## Given material
● ● ● ● ●
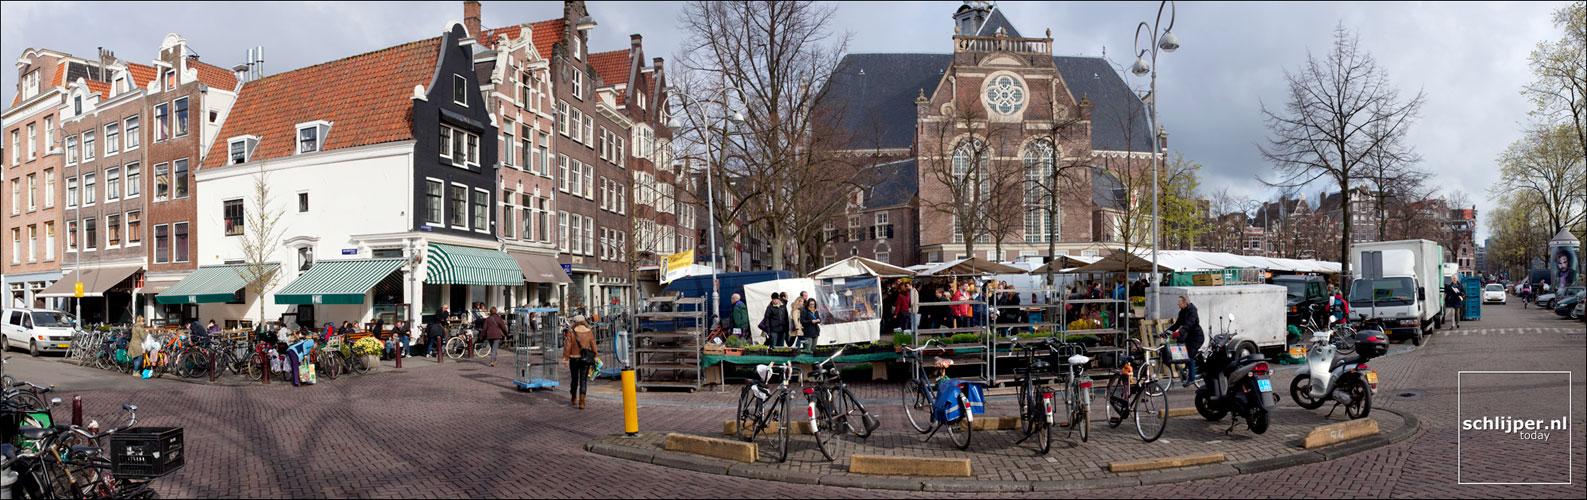 Nederland, Amsterdam, 7 april 2012
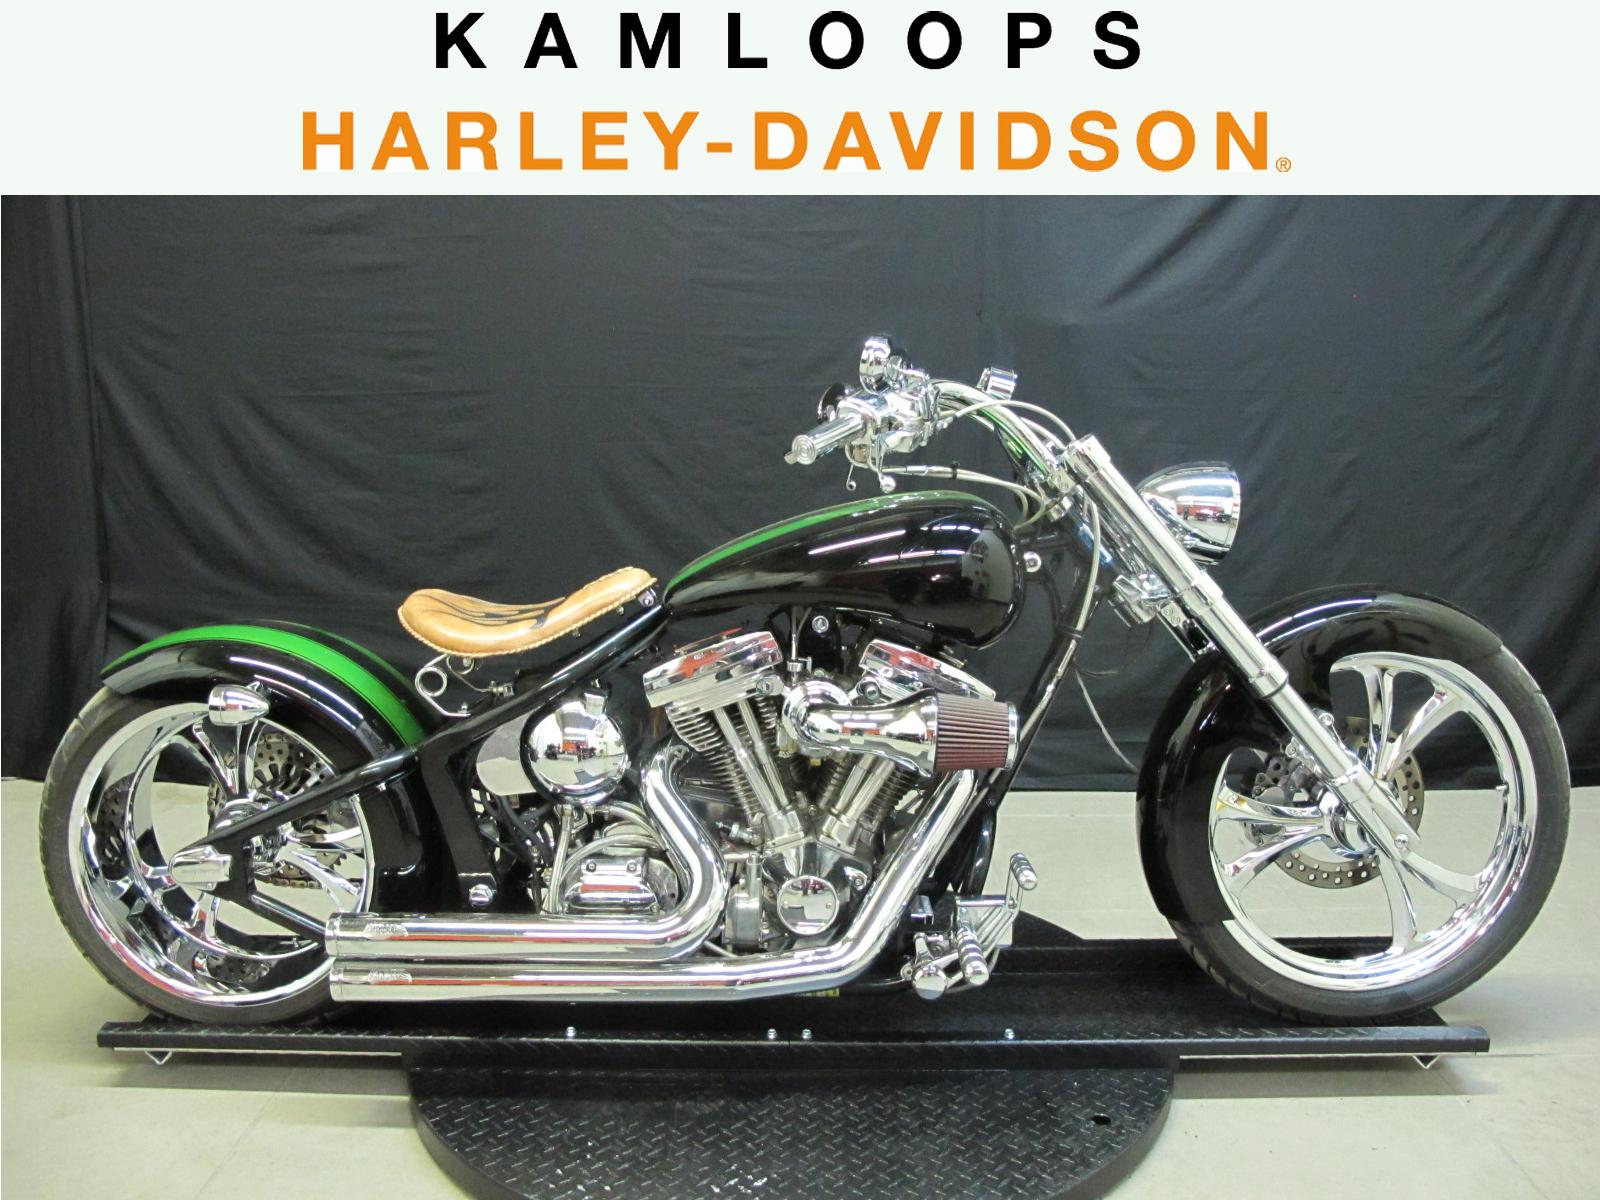 Nissan Dealer Milwaukee Harley Davidson 110th Anniversary In Milwaukee Milwaukee ...
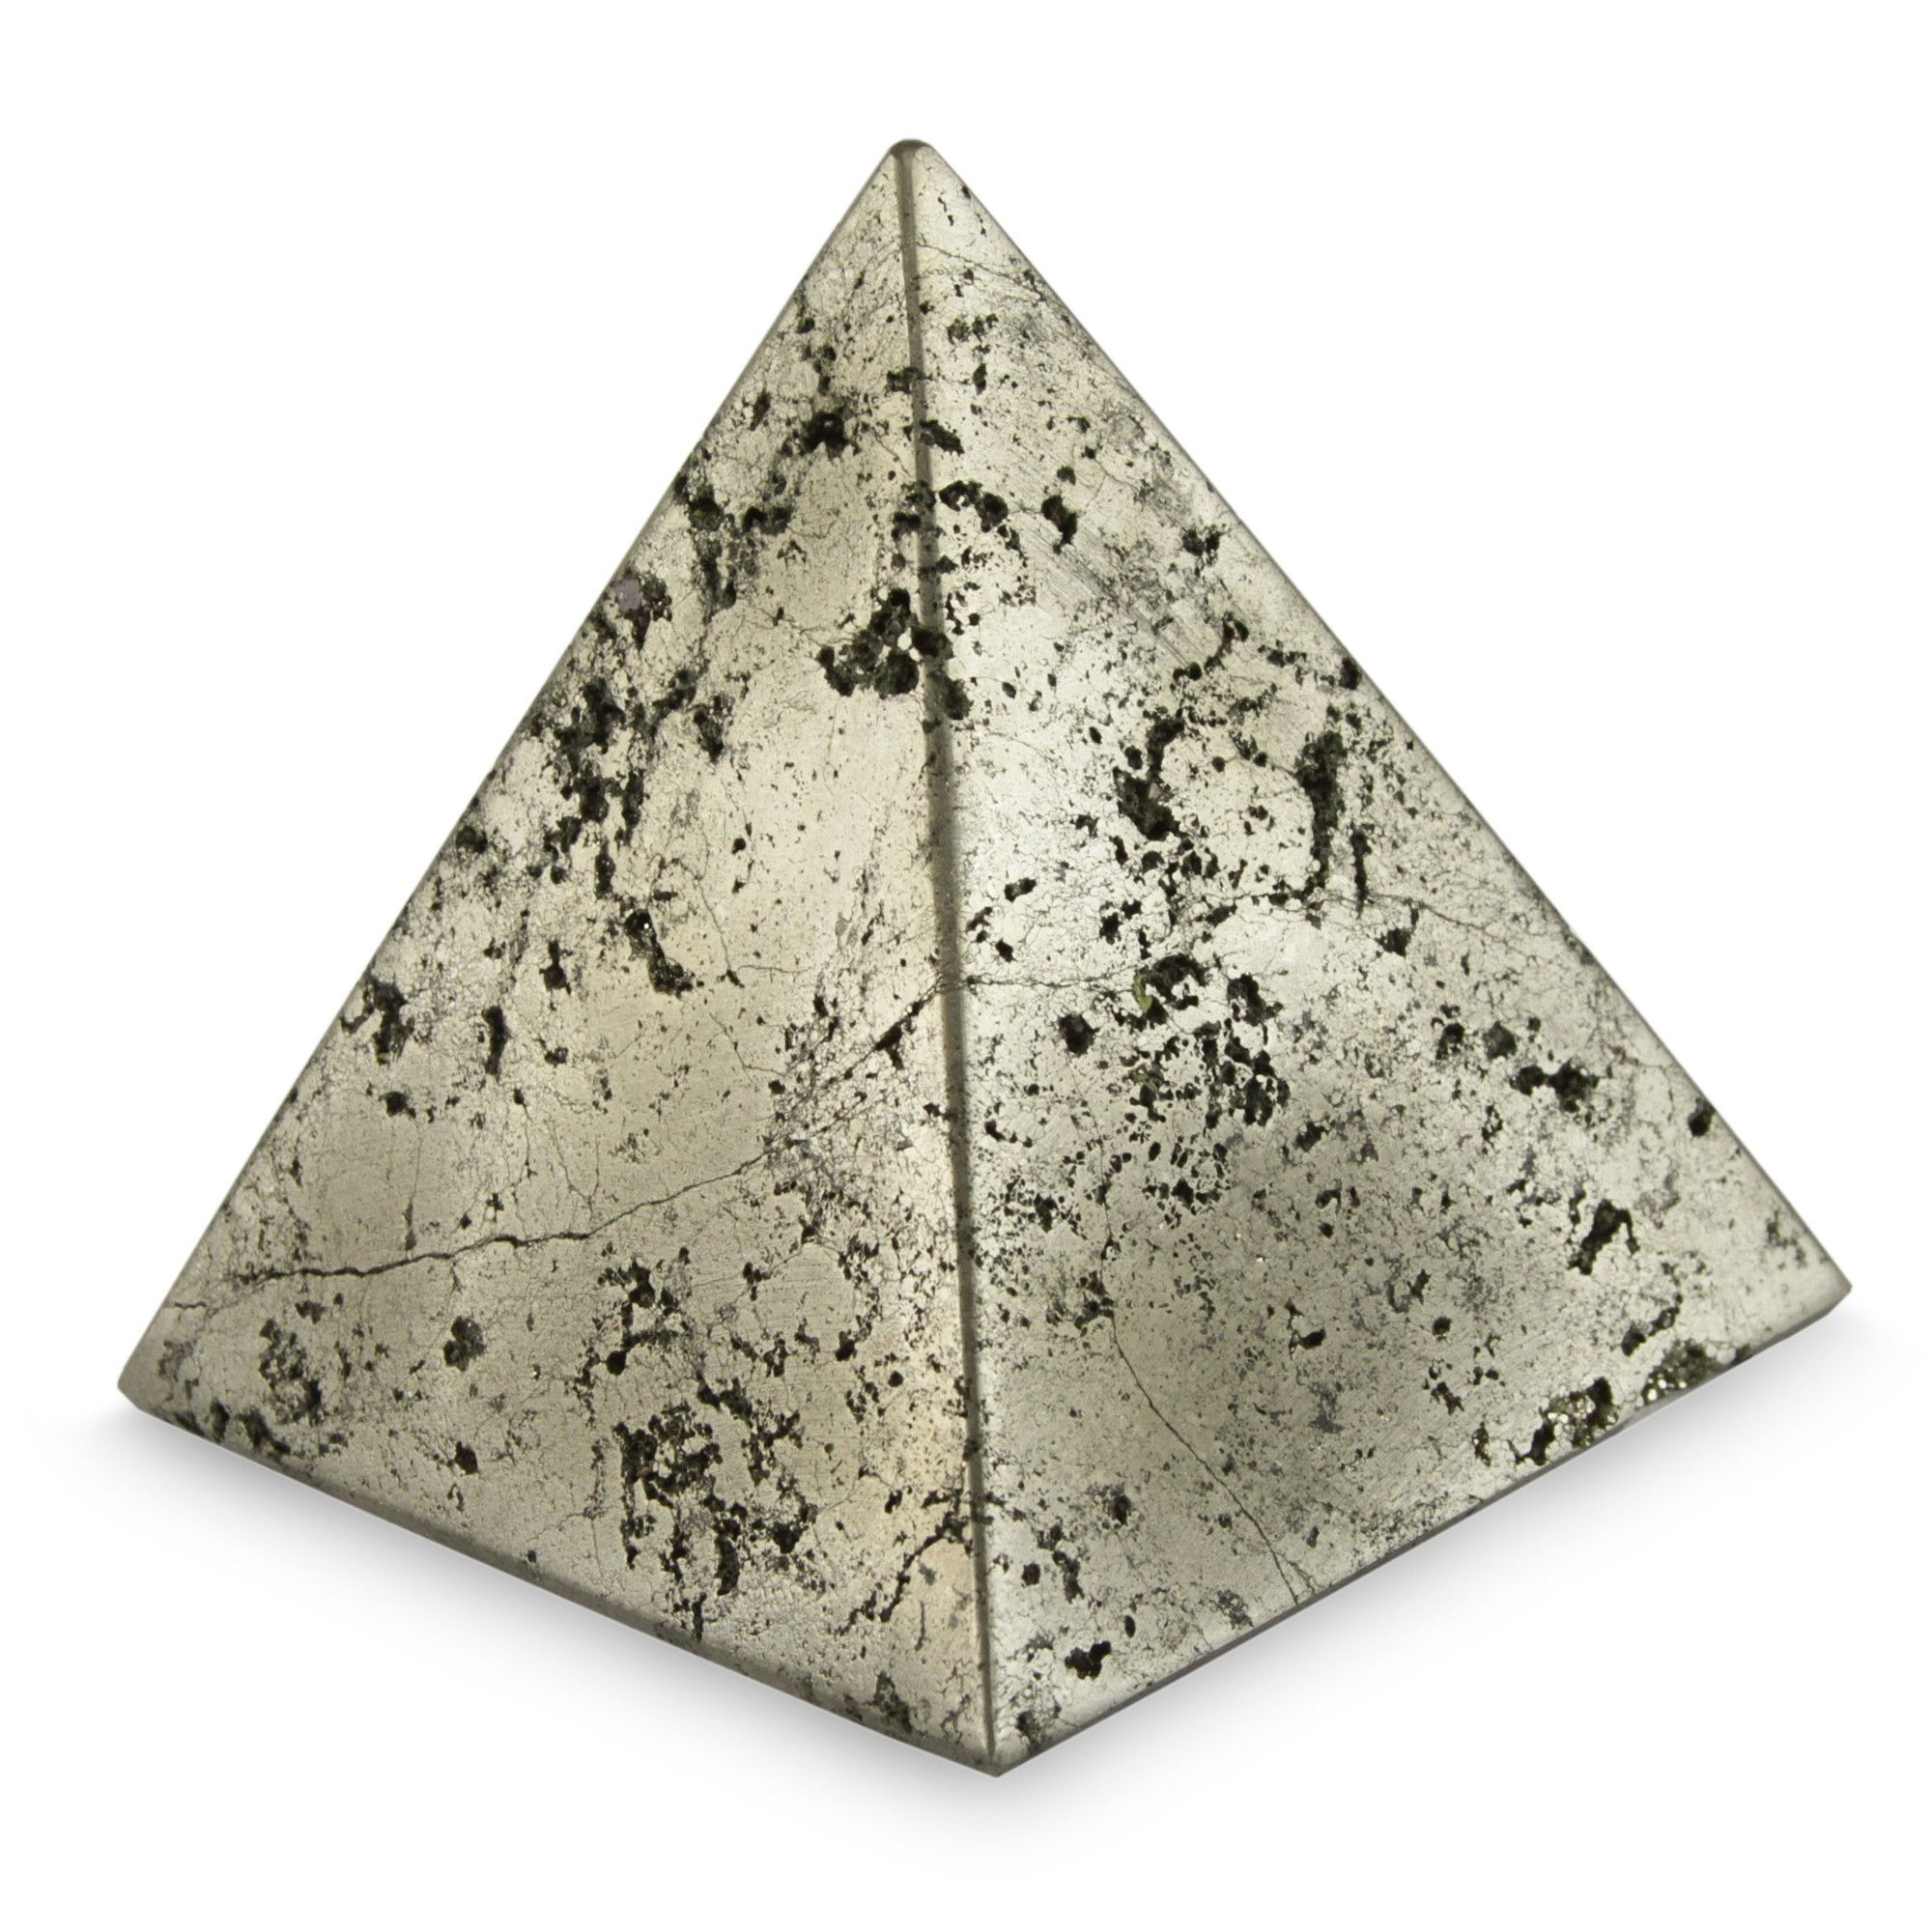 Pyramid of Prosperity Sculpture
● ● ● ● ●
## Required work
An exact reproduction of the data is needed, with no pictures included.

## Result of this task
 Nederland, Amsterdam, 7 april 2012
 Nissan Dealer Milwaukee Harley Davidson 110th Anniversary In Milwaukee Milwaukee ...
 Pyramid of Prosperity Sculpture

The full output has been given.